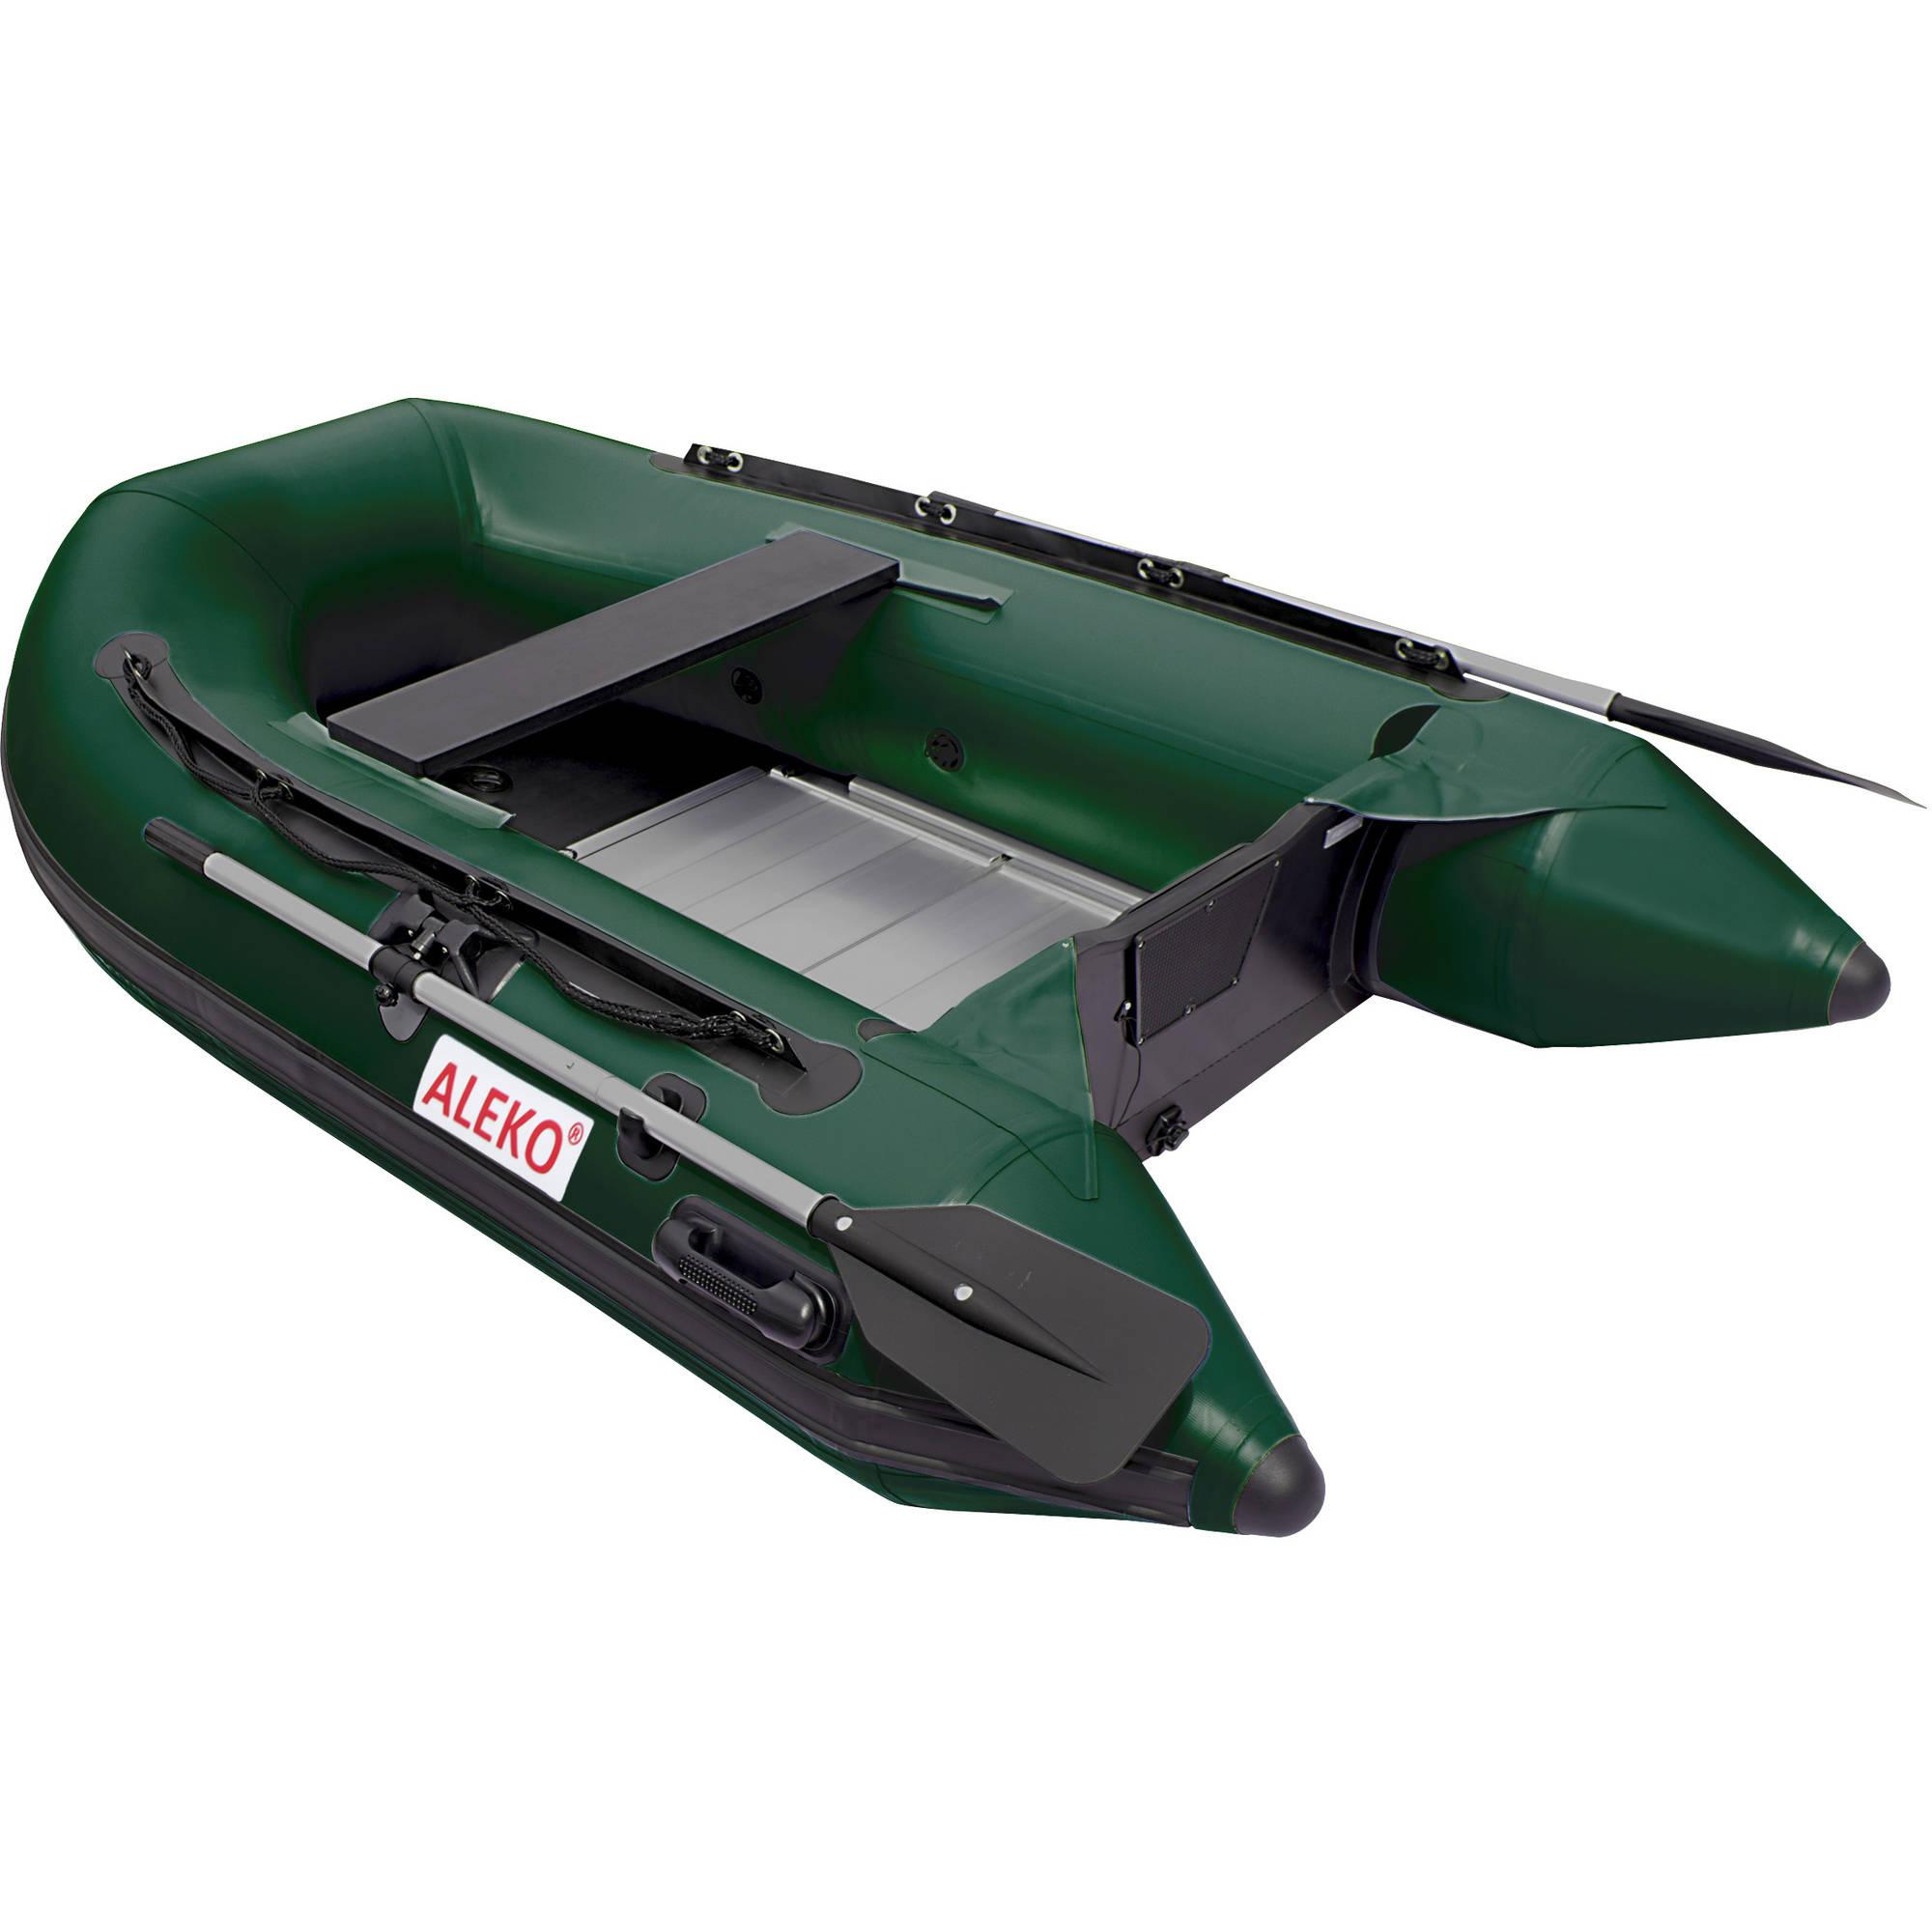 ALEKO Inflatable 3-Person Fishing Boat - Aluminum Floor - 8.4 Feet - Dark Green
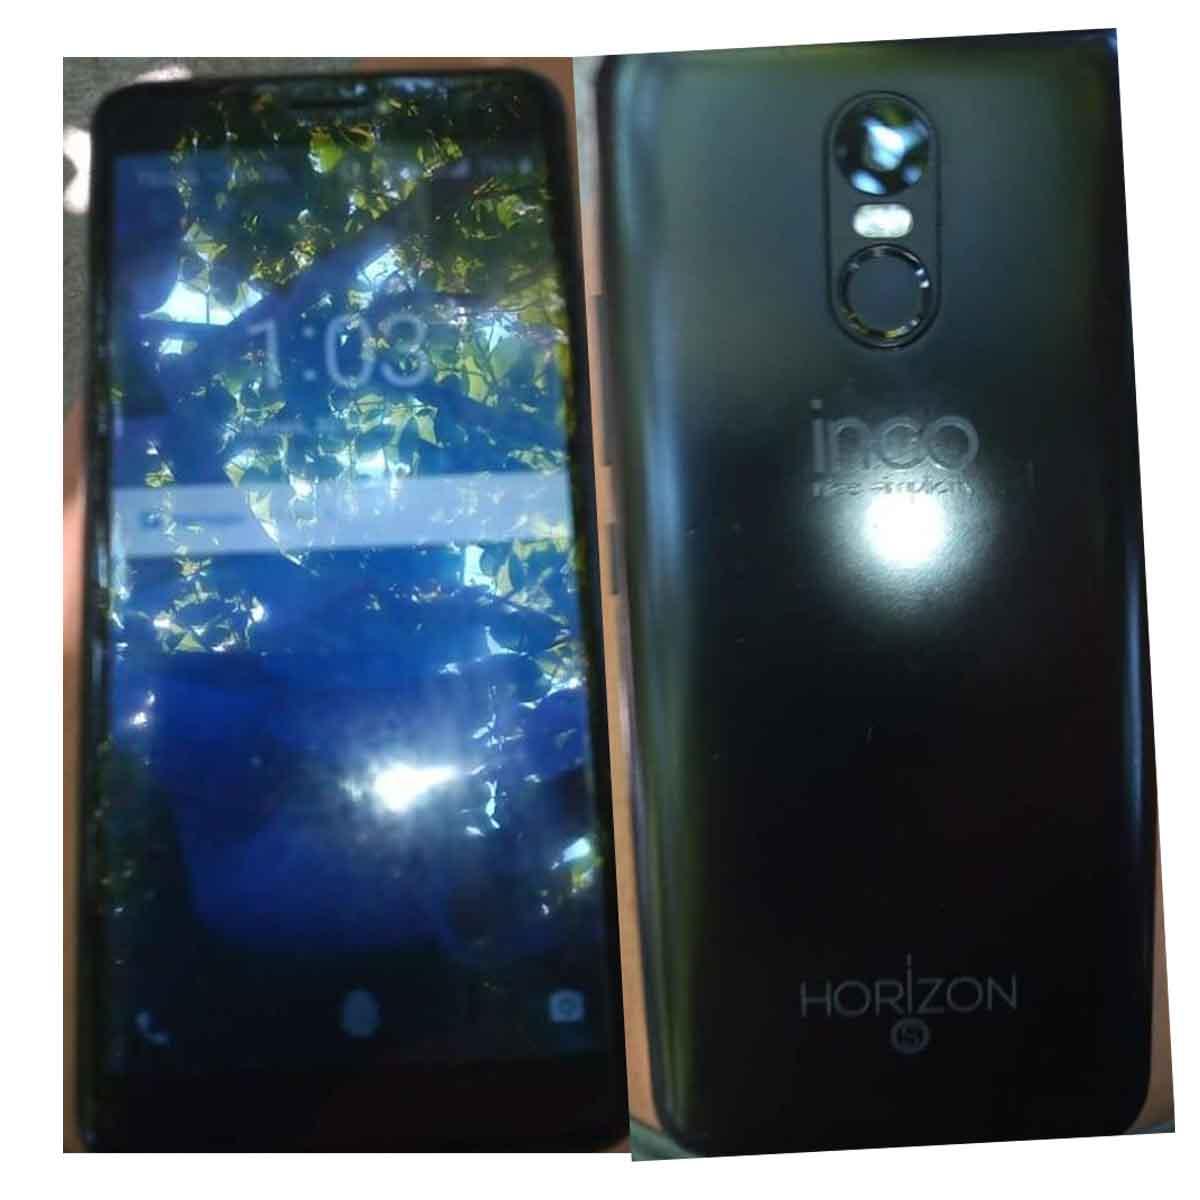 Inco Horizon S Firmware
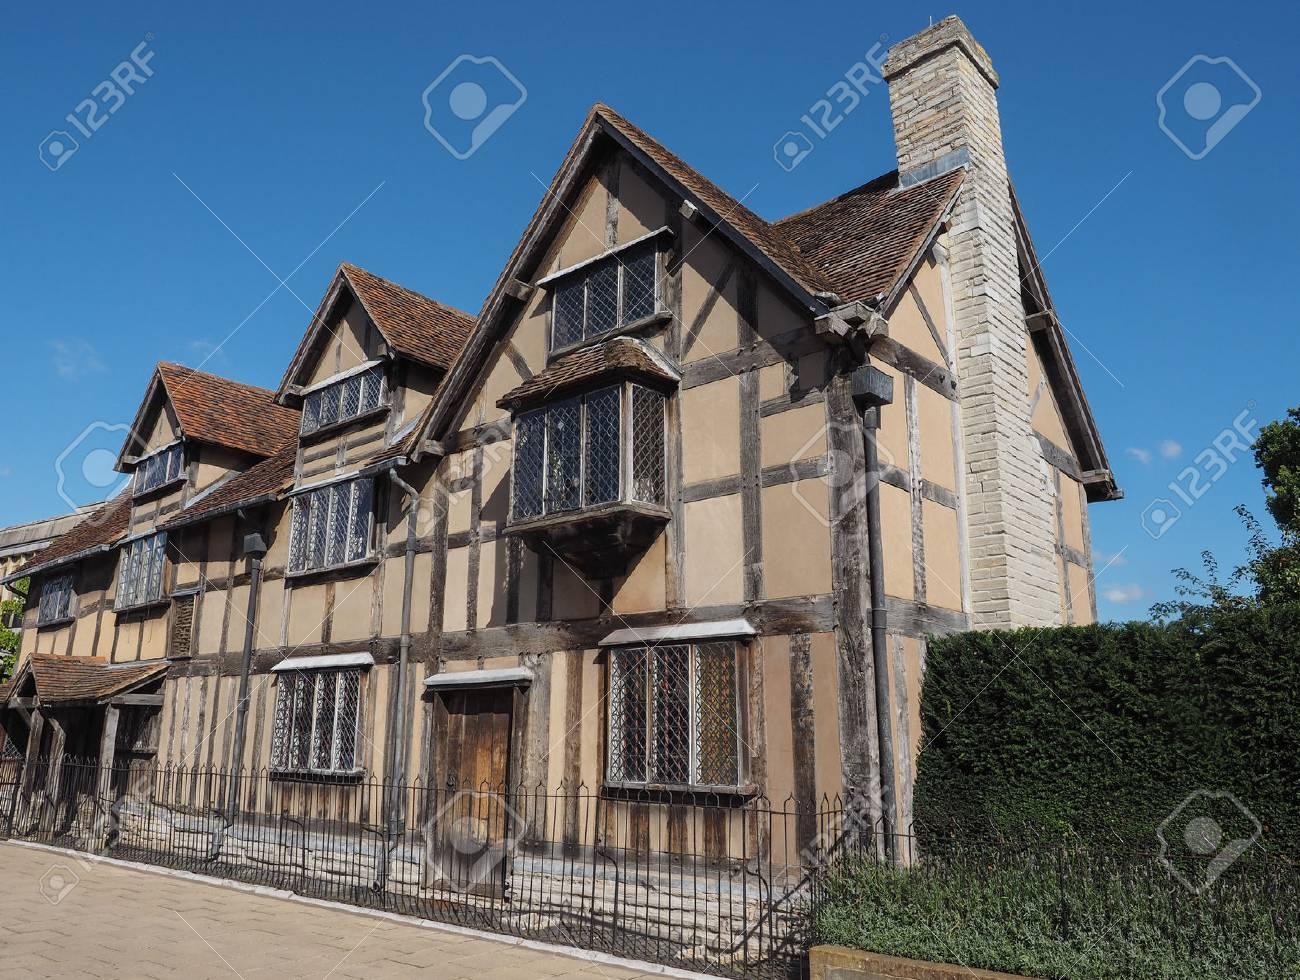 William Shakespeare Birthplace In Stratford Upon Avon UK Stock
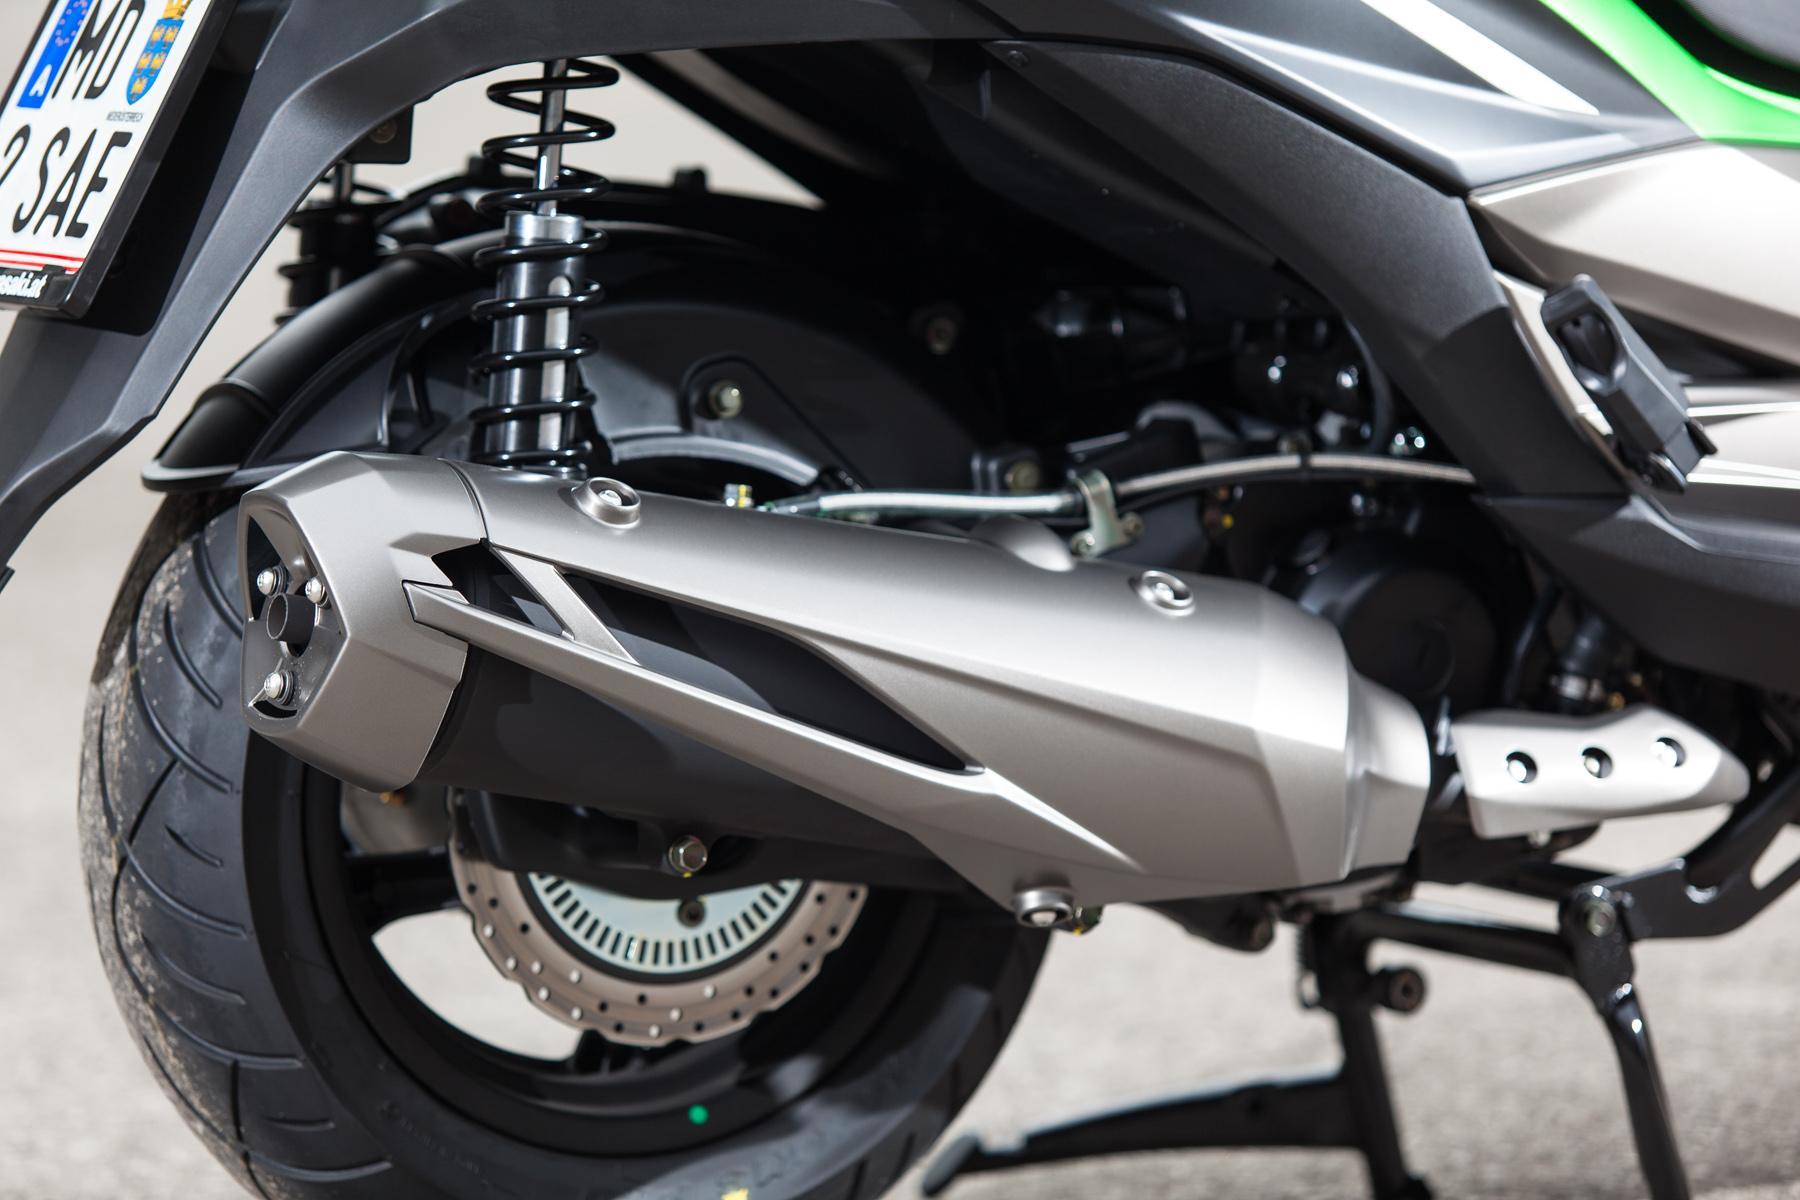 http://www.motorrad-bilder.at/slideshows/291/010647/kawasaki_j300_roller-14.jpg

◆ Work to be completed
Lines from the one containing "William Shakespeare Birthplace" through the end of the material above must be reproduced exactly; pictures must not be.

◆ Your response
 William Shakespeare Birthplace In Stratford Upon Avon UK Stock
 http://www.motorrad-bilder.at/slideshows/291/010647/kawasaki_j300_roller-14.jpg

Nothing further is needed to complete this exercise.